NAPT maps multiple private addresses to a single public address using distinct source ports:

[S1] system-view
[S1] undo info-center enable
[S1] sysname AR2

[S1] nat address-group 1 198.51.100.10 198.51.100.10
[S1] acl number 2000
[S1-acl-2000] rule permit source 172.16.1.0 0.0.0.255

[S1] interface GigabitEthernet0/0/1
[S1-GigabitEthernet0/0/1] ip address 13.1.1.30 255.255.255.0
[S1-GigabitEthernet0/0/1] nat outbound 2000 address-group 1

[S1] interface GigabitEthernet0/0/0
[S1-GigabitEthernet0/0/0] ip address 172.16.1.1 255.255.255.0

Easy IP Configuration

Easy IP derives the translated address directly from the router's external interface, eliminating the need for a separate address pool:

[S1] system-view
[S1] acl number 3000
[S1-acl-3000] rule permit ip source 192.168.1.0 0.0.0.255

[S1] interface GigabitEthernet0/0/1
[S1-GigabitEthernet0/0/1] nat outbound 3000

NAT Server Configuration

NAT Server enables external access to internal services by mapping public ports to private endpoints:

[S1] interface GigabitEthernet0/0/0
[S1-GigabitEthernet0/0/0] nat server protocol tcp global current-interface 8080 inside 192.168.1.10 80

Access Control Lists in NAT Contexts

Access Control Lists (ACLs) define traffic classification rules that NAT implementations reference to determine which packets require translation.

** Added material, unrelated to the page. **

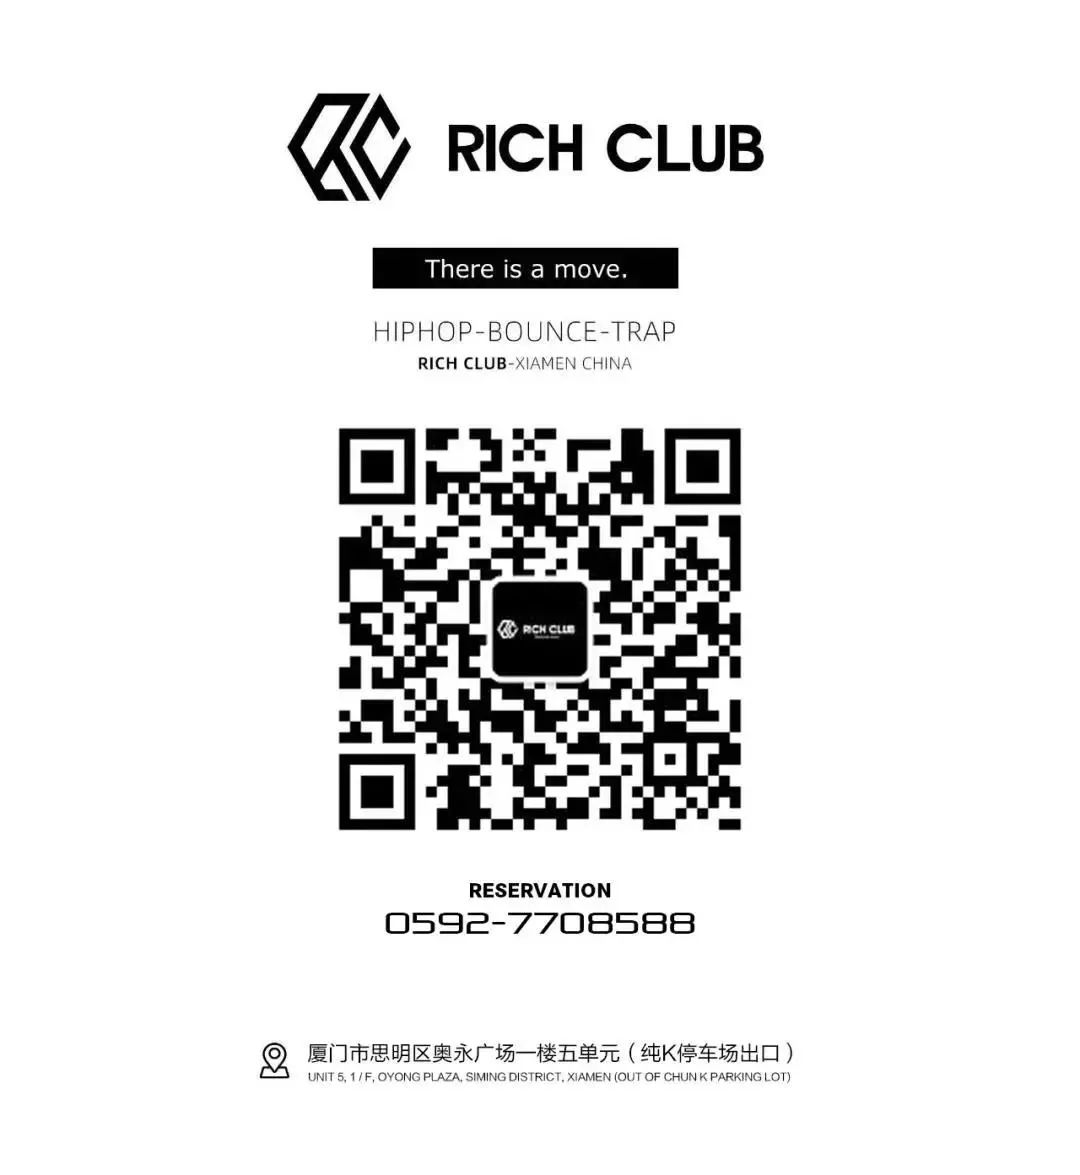 RICH CLUB | 07.18VINA HOUSE专场，全员都是“狠角色”！-厦门Rich Club/富人俱乐部

ACLs consist of sequential rules with permit or deny actions, each identified by a unique rule number.

Rule syntax uses wildcard masks rather than subnet masks:

[S1] acl number 2000
[S1-acl-2000] rule 5 permit source 192.168.1.0 0.0.0.255
[S1-acl-2000] rule 10 deny source 192.168.2.0 0.0.0.255

The wildcard mask 0.0.0.255 corresponds to the subnet mask 255.255.255.0, indicating the network portion of the address.